## [PROBLEM DETAILS]
An exact copy of the data is required. No picture may appear in it.

>>>>>

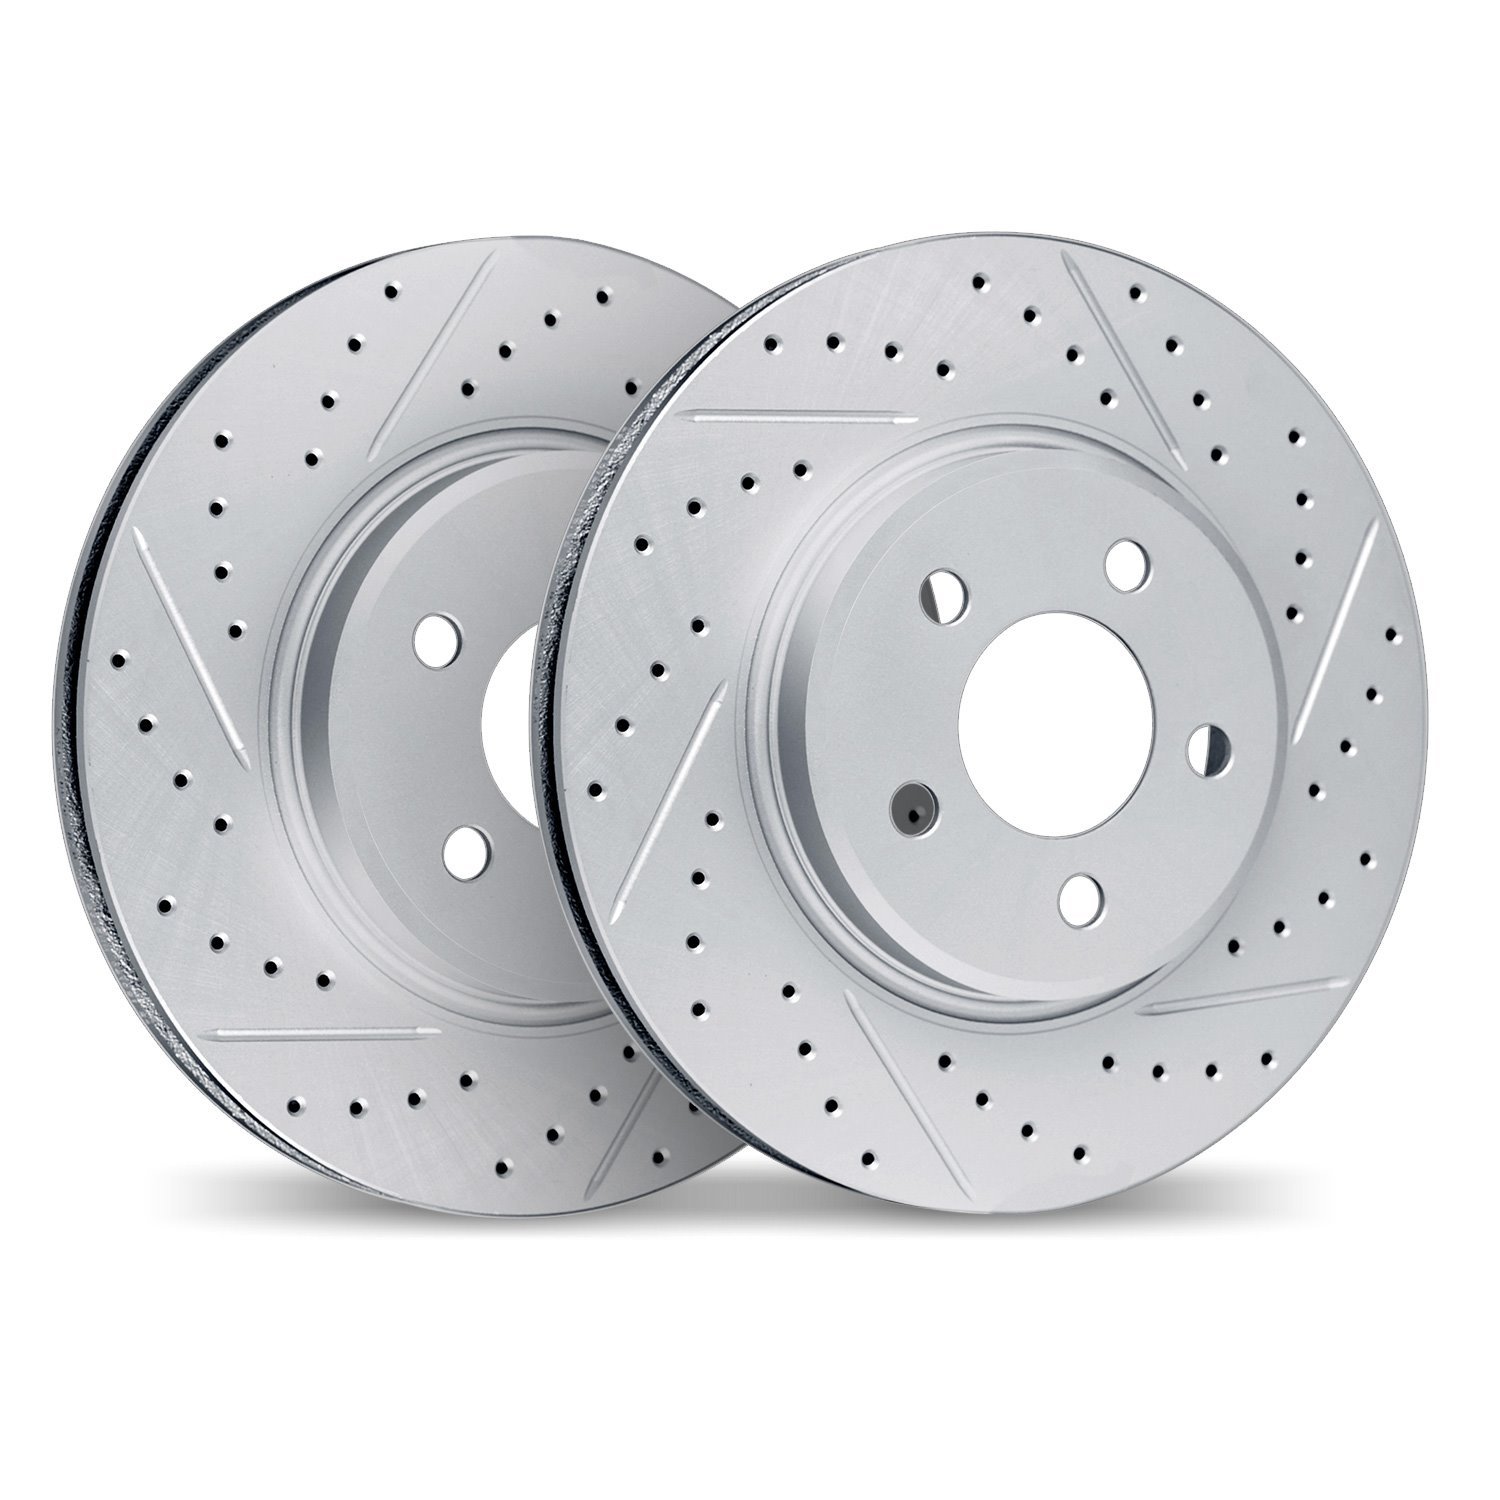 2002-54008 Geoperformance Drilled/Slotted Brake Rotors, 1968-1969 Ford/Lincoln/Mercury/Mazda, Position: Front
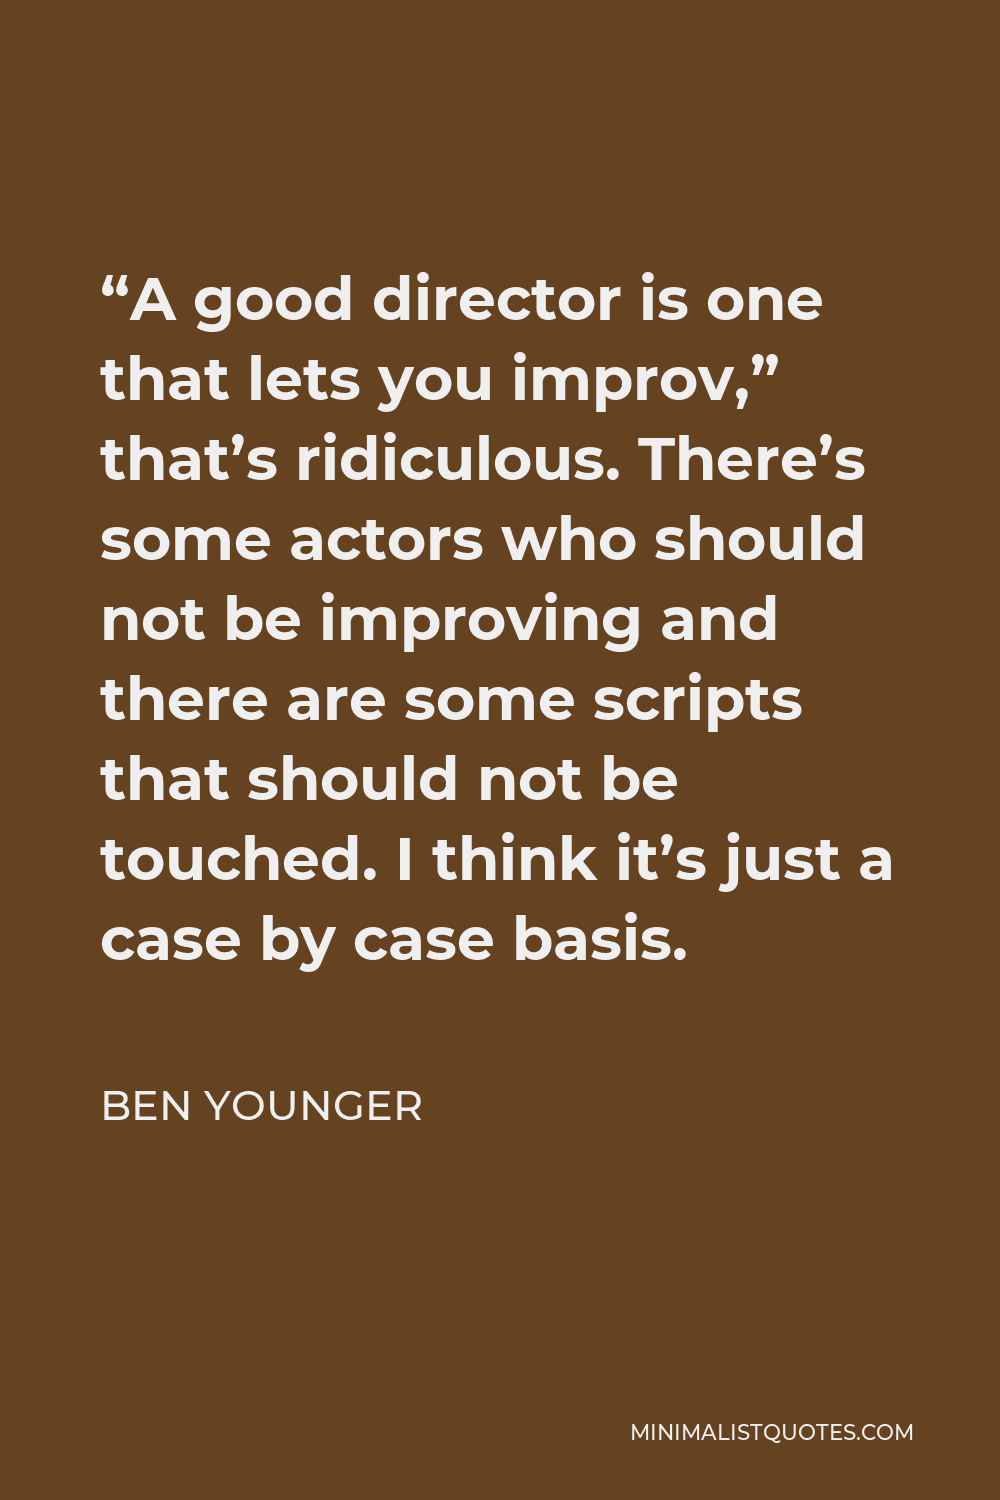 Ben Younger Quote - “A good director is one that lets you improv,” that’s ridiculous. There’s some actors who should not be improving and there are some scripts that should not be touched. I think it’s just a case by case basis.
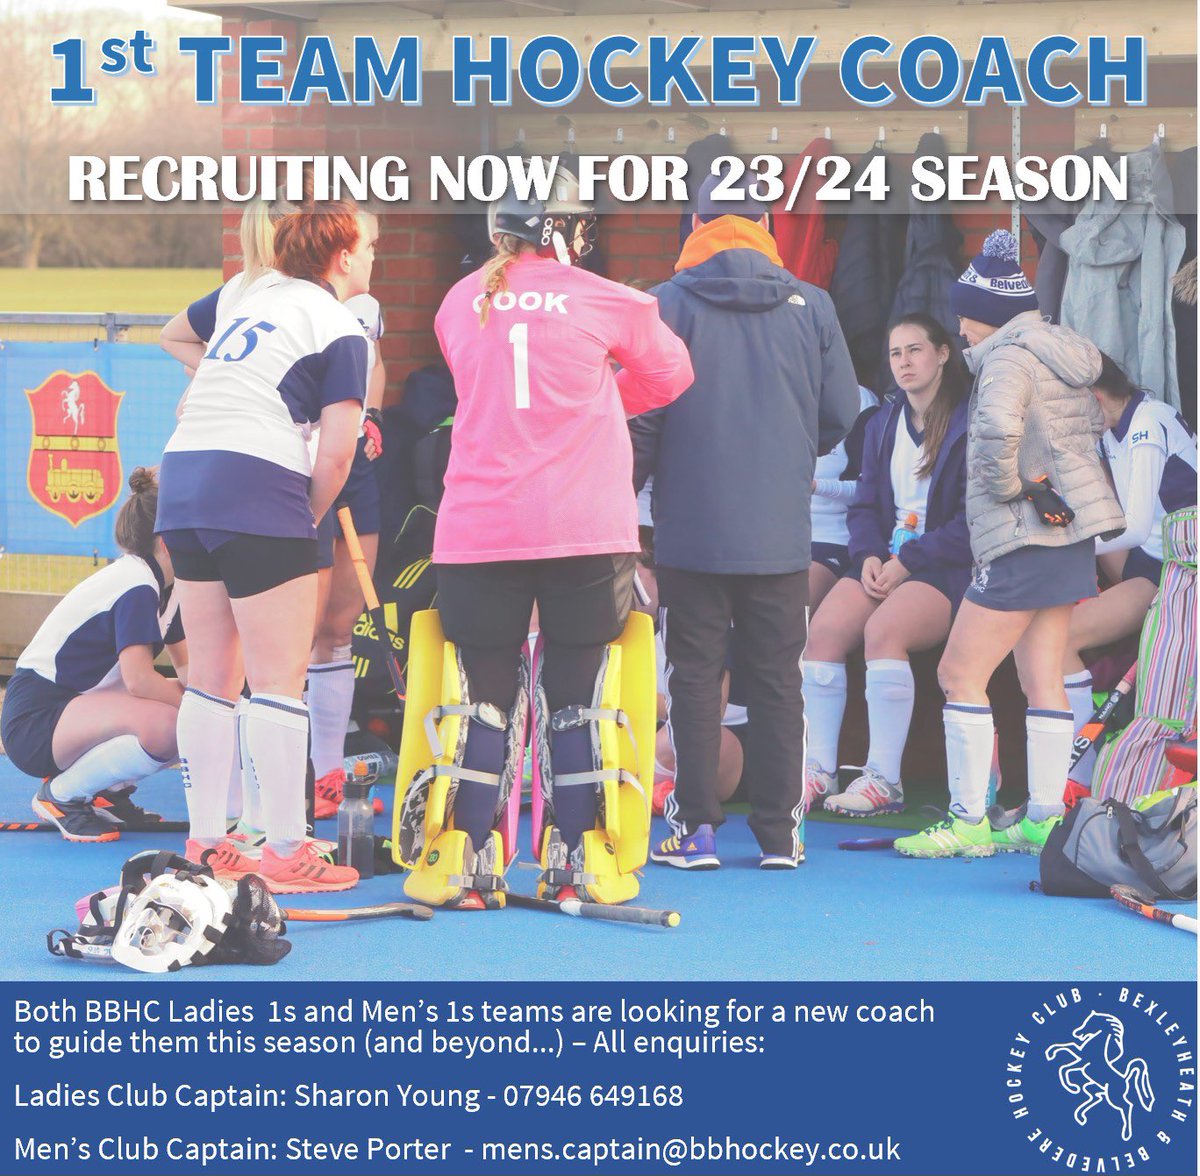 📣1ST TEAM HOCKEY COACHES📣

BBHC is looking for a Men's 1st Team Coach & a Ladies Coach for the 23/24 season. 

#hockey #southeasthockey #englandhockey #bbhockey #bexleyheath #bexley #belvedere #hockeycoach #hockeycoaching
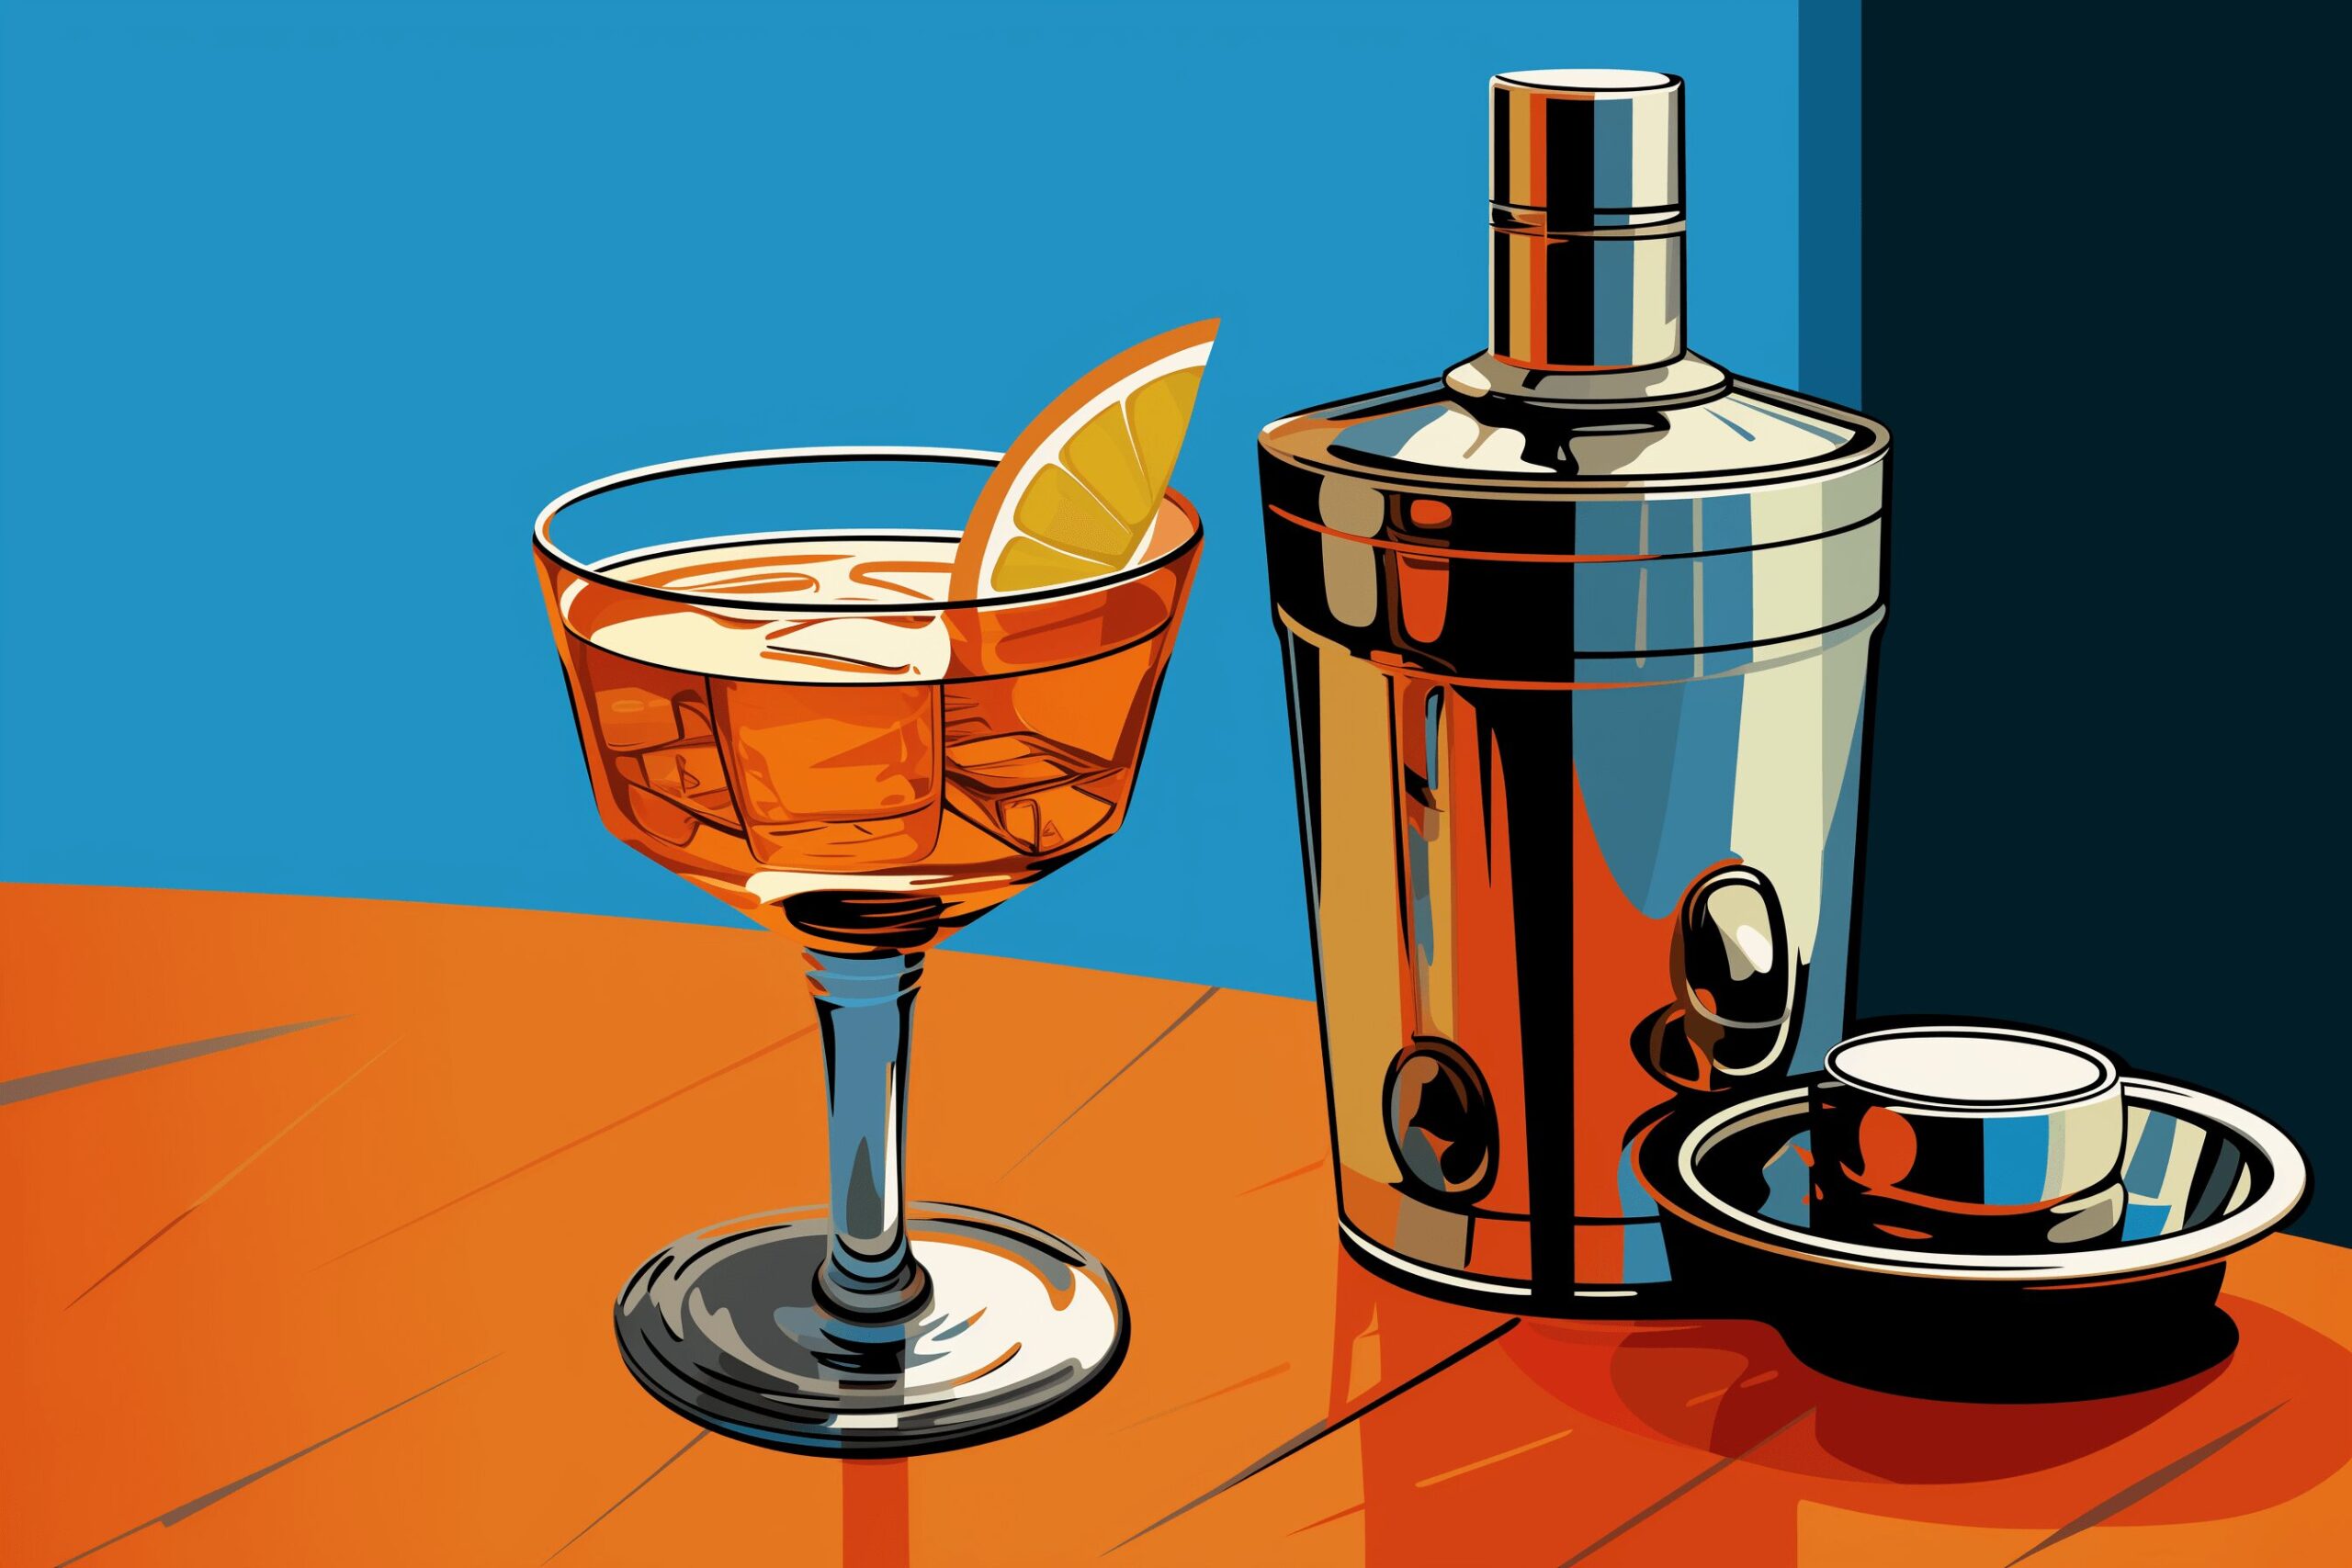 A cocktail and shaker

<<<<<

## [SOLUTION FOR THIS TASK]
 2002-54008 Geoperformance Drilled/Slotted Brake Rotors, 1968-1969 Ford/Lincoln/Mercury/Mazda, Position: Front
 Ben Younger Quote - “A good director is one that lets you improv,” that’s ridiculous. There’s some actors who should not be improving and there are some scripts that should not be touched. I think it’s just a case by case basis.
 📣1ST TEAM HOCKEY COACHES📣

BBHC is looking for a Men's 1st Team Coach & a Ladies Coach for the 23/24 season. 

#hockey #southeasthockey #englandhockey #bbhockey #bexleyheath #bexley #belvedere #hockeycoach #hockeycoaching
 A cocktail and shaker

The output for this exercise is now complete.